Soal Penentuan Tarif Taksi Online, DKI Ikuti Pedoman Pemerintah

Soal Penentuan Tarif Taksi Online, DKI Ikuti Pedoman Pemerintah

“Pedomannya adalah norma standar prosedur, dan kriteria yang diterbitkan oleh Menteri Perhubungan, itu prinsipnya. Jadi kita menyikapi normatif saja, ikuti arahan pusat seperti apa, itu kita jabarkan di DKI. Waktunya kita belum tentu, tapi sekarang sedang digarap Dishub,”

Soal Penentuan Tarif Taksi Online, DKI Ikuti Pedoman Pemerintah


Telegraf, Jakarta – Pemerintah Provinsi DKI Jakarta akan mengikuti pedoman yang diberikan oleh Pemerintah Pusat dalam menangani persoalan taksi online, misalnya terkait masalah batas tarif minimum dan maksimum.

Plt Gubernur DKI Jakarta Sumarsono mengatakan, persoalan taksi online ini menjadi kewenangan Pemerintah Pusat. Tapi Pemerintah Pusat melalui Kementerian Perhubungan mendelegasikan kewenangan kepada Pemerintah Provinsi masing-masing, dan hanya memberikan sebuah pedoman.

“Pedomannya adalah norma standar prosedur, dan kriteria yang diterbitkan oleh Menteri Perhubungan, itu prinsipnya. Jadi kita menyikapi normatif saja, ikuti arahan pusat seperti apa, itu kita jabarkan di DKI. Waktunya kita belum tentu, tapi sekarang sedang digarap Dishub,” kata Soni Sumarsono di Jakarta, Kamis (23/03/2017).

Ia mengatakan, terkait batas tarif minimum dan maksimum, tiap daerah dapat berbeda-beda, dan gubernur yang mengetahui berapa kisaran tarif yang pas di daerahnya masing-masing.

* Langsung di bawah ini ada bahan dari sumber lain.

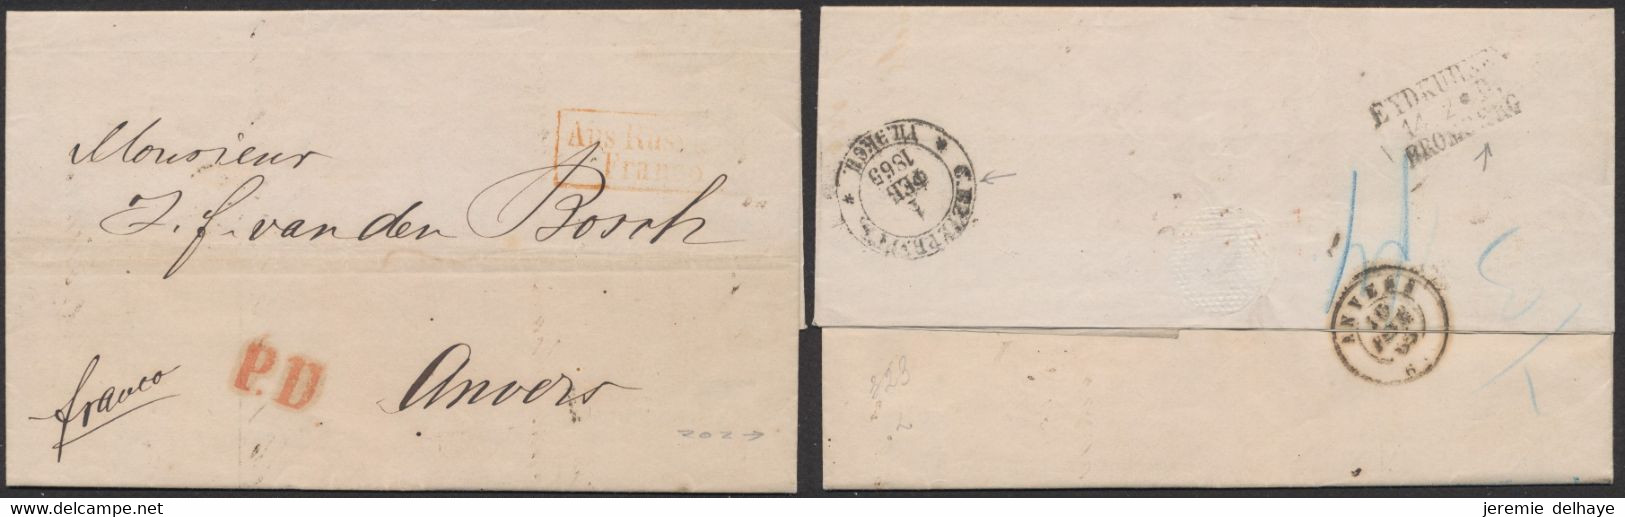 LAC Non Affranchie Datée De St-Petersbourg 31/12/1865 + Encadré Rouge "Aus Russland / Franco" > Anvers (Belgique) - Briefe U. Dokumente

“Ini tentunya Pergub akan ada, tapi akan dikonsultasikan dengan Badan Pengatur Jalan Tol (BPJT), dan juga akan berkomunikasi dengan masing-masing gubernur di wilayahnya untuk mendiskusikan hal ini,” paparnya.

Pihaknya saat ini untuk sementara belum membicarakan masalah tarif. Sebab menurutnya, hal itu tergantung dari BPJT. “Saya kira sekarang konsultasi kiri-kanan. Kalau kapannya kita belum fix. Tapi Pemprov DKI sudah siap, dan tidak ada masalah dengan taksi online, karena sekarang juga sudah berjalan,” ungkapnya.

Sebelumnya, Kementerian Perhubungan RI telah menerapkan Peraturan Menteri Perhubungan RI No. 32 Tahun 2016 tentang penyelenggaraan angkutan orang dengan kendaraan bermotor umum tidak dalam trayek mulai 1 April 2016. (Red)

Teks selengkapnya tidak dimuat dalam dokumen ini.